Tuesday, April 30, 2013

Protest in City Heights of Controversial Ethiopian Consulate Meeting

San Diego Free Press

Local Ethiopian Community Invited to Attend Meeting, Allege They Were Kicked Out for Protesting Ethiopian Government’s Human Rights Abuses
by Anna Daniels
Protesters in San Diego were anxious to describe the current conditions in Ethiopia
Lines of taxicabs were parked along Fairmount Avenue in City Heights yesterday afternoon–Sunday April 28. Police cars were parked in front of the Golden Hall East African Community and Cultural Center where approximately sixty people were holding a protest that spilled into the adjacent parking lot. Signs with “Stop Human Rights Abuses” were visible among the group waving Ethiopian and American flags.
According to protesters, the Ethiopian Consulate from Los Angeles was barricaded inside the cultural center with an undetermined number of members of the San Diego and Los Angeles Ethiopian Community. The Consulate was attending a widely publicized meeting to promote the purchase of bonds to build a controversial dam in Ethiopia that threatens the livelihood of thousands of indigenous peoples.
Protesters maintained that flyers advertising the meeting had been left in City Heights Ethiopian markets and restaurants. One woman told me that when the protesting group entered the cultural center they were met with invectives, hostility and intimidation before being dispersed from the meeting which had been publicized as open to the public.
Protesters were anxious to describe the current conditions in Ethiopia under a government led by the minority Tigray tribe. Someone handed me the 2012 US State Department Human Rights Watch which detailed the Ethiopian government suppression of journalists and bloggers and the alarming incidences of imprisonment and torture. There is no independent press in Ethiopia and dissenting political views are often treated as “terrorism.”
The enormous dam under construction in Ethiopia, undertaken by the current government/Tigray minority, has become a flash point for inter-tribal tensions. The protesters represented non-Tigray ethnic and tribal groups who described being left out of the dam planning process, despite the profound impacts it would have upon their villages.
Because the funding for the dam has not been fully secured, the government has demanded that the populace pay directly for the needed bonds. Protesters described the pressure brought to bear on businesses and individuals to make “donations” for the bonds. Protesters that I spoke with emphasized that dissenters are imprisoned under horrendous conditions. “We have freedom here in this country, but our families have no such freedom,” was repeated by men and women holding both the American and Ethiopian flags.

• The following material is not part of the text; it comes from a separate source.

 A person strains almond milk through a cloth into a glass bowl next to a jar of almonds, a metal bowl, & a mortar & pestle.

According to the Ethiopian Review, “The Ethiopian National Transitional Council (ENT) has sent a letter to the Securities and Exchange Commission (SEC) demanding an investigation into the legality of the Nile dam bond sales that are being conducted in the US. The letter challenges the commission that the sales are in violation of the US trade laws and the Ethiopian Embassy in the US has no legal ground to do such business. ”
There were a few signs protesting the World Bank decision to fund the dam project. I asked protesters what response they feel is important from the US government. Many of them said that we cannot keep supporting the Ethiopian government politically and economically when we have reports outlining the extent and severity of human rights abuses there. They supported sanctions, if necessary, to pressure the government as well as a full fledged investigation of the legality of the bond process being carried out here in the United States.

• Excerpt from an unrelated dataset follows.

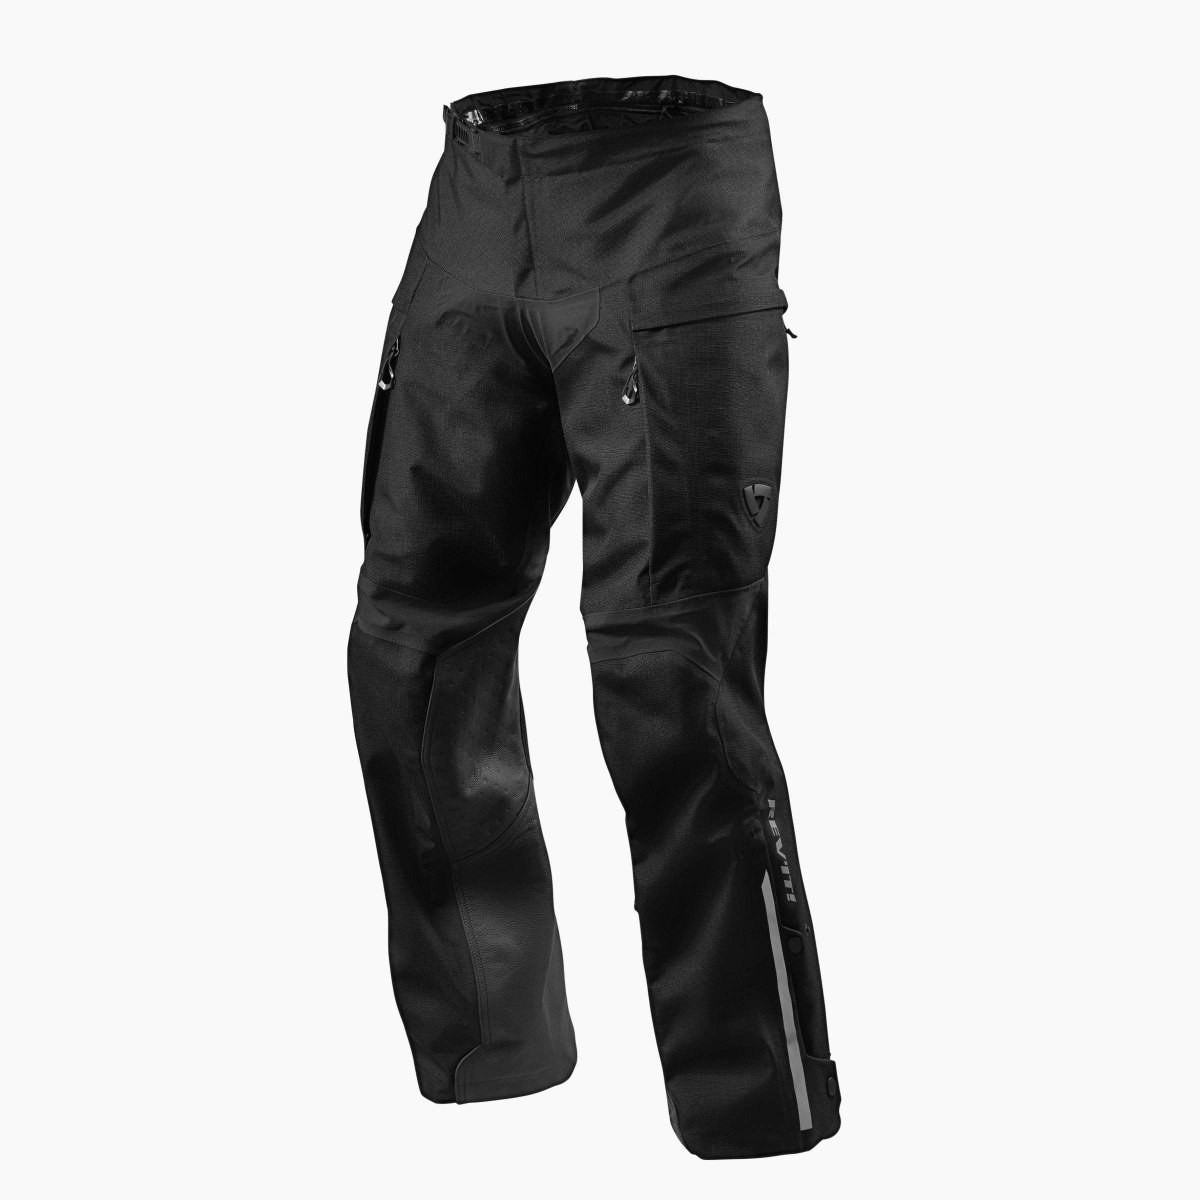 Image of REV'IT! Component H2O Short Black Motorcycle Pants Size M EN

While the protesters included activists from Los Angeles, the majority of the people were residents of San Diego, and more specifically City Heights, where so many taxicab drivers and their families live. Cars driving past honked their horns in support. At one point, parishioners from a local Ethiopian church joined the group. Protesters described a tradition of Muslims and Christians living side by side in Ethiopia. They emphasized that the protest was not a reflection of religious divisions. No one spoke about the Ethiopian government’s recent active persecution of Muslims.

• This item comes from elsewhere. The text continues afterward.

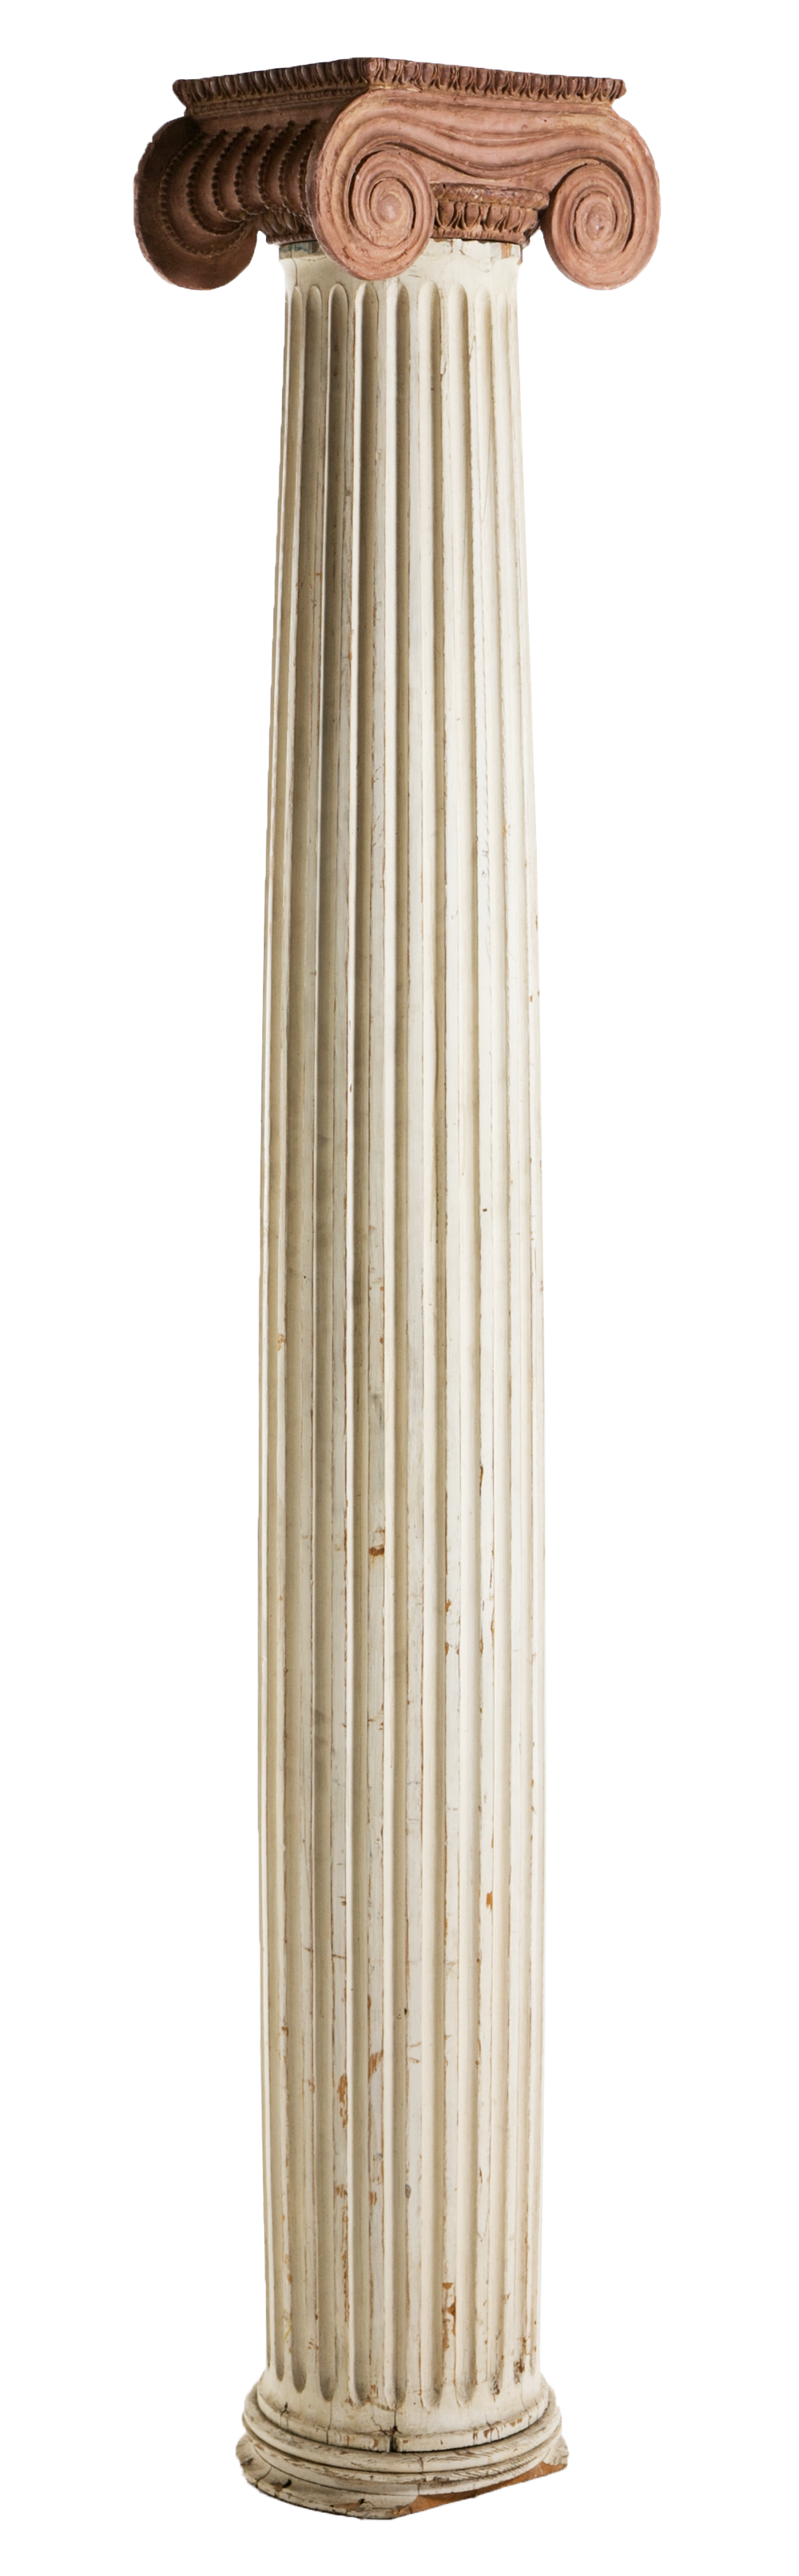 Column PNG Image File

Human Rights Watch describes the current situation in Ethiopia:
The death in August 2012 of Ethiopia’s powerful prime minister, Meles Zenawi, led to new leadership but seems unlikely to result in tangible human rights reforms. Ethiopian authorities continue to severely restrict freedom of expression, association, and assembly. Thirty journalists and opposition members have been convicted under the country’s vague Anti-Terrorism Proclamation, and security forces responded to protests by Muslim communities with excessive force and arbitrary detentions. The Ethiopian government continues to forcibly resettle hundreds of thousands of rural villagers, including indigenous peoples, as part of its “villagization” program, relocating them through violence and intimidation, and often without essential services.
There is perhaps an even larger story to consider here. The dam constructed in Ethiopia will have consequences upon another eleven countries which rely heavily upon the Nile for agriculture, fishing and electrical power. This raises the obvious concern that the next war in the region may not be about politics at all. It will be about water.